The company sells the hemp fibres in the United States to the automotive industry and to carpet-backing manufacturers, among other users.
Kime says the company hopes to secure funding later this year to expand its 8,000-sq.-ft. pilot plant and buy more equipment. "We are working to expand our capacity so that we can supply markets that we have established for hemp fibre."
Scheifele says the industry has received too little help from government.
"We in the hemp industry feel that we have not been adequately supported by the Ontario government in helping us develop this industry in agriculture production, as well as on the commercial side."
Kime says the industry still has to educate the public that hemp is not a drug. Marijuana and industrial hemp share the same leaf shape and are both derivatives of the cannabis plant, but the similarities stop there, he says.
Tetrahydrocannabinol (THC), which is the psychoactive ingredient in marijuana, is found only in trace amounts in industrial hemp and there is not enough to produce a high, Kime says.
As a food product, however, hemp is proving to be a healthy choice, says Ruth Shamai, who owns Ruth's Hemp Foods. The grain is about 24-per-cent protein and 30-per-cent oil.
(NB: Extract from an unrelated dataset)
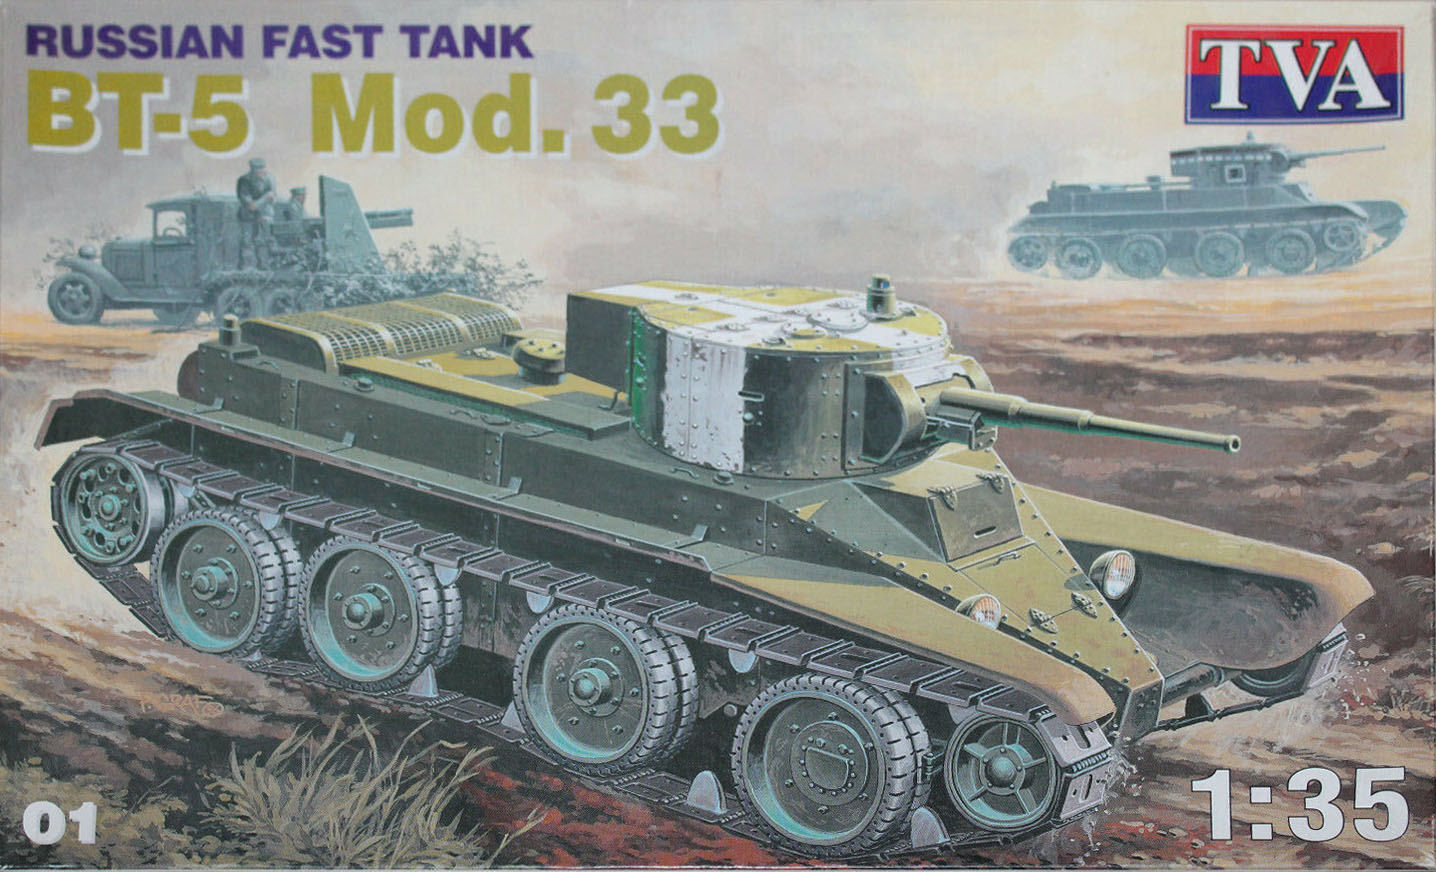 TVA 01 Russian Fast Tank BT-5 Mod. 33

The oil is high in essential fatty acids and also contains anti-oxidants.
Shamai started an environmental mail-order company in 1990s that included a line of hemp clothing and then shifted into food production. "There are lots of clothes on the market, but virtually no hemp foods, so it seemed like a better idea," she says.
The company makes hemp-based foods including Omega Burgers, hemp bars and hemp salad dressings. The hemp bars, which cost about $1.59 each, are the most popular items.
Business has doubled from last year, she says, and she expects it will increase threefold next year. The company began distributing its products in the United States in September 2004.
"We're already up to 50/50 (Canada-U.S.) after such a short time," says Shamai, who distributes to health-food stores as well as mainstream stores including Shoppers Drug Mart and London Drugs.
Shamai has more than 500 acres of hemp production under contract with farmers in Alberta, Saskatchewan and Manitoba. Co-packers manufacture the company's products, which are shipped from warehouses in Buffalo and Toronto.
Scheifele says that while people such as Shamai have been successful, the Ontario industry has some distance to travel and its future lies in working with others in the Canadian hemp industry.
"Ontario's (production) will always be small - in acreage - relative to Manitoba and Saskatchewan, simply because of size and other competing crops we have in Ontario," he says.
"So we have to develop a strong partnership between Ontario and Manitoba.
The fibre demands are going to require a strong orchestrated partnership to supply that fibre," Scheifele says.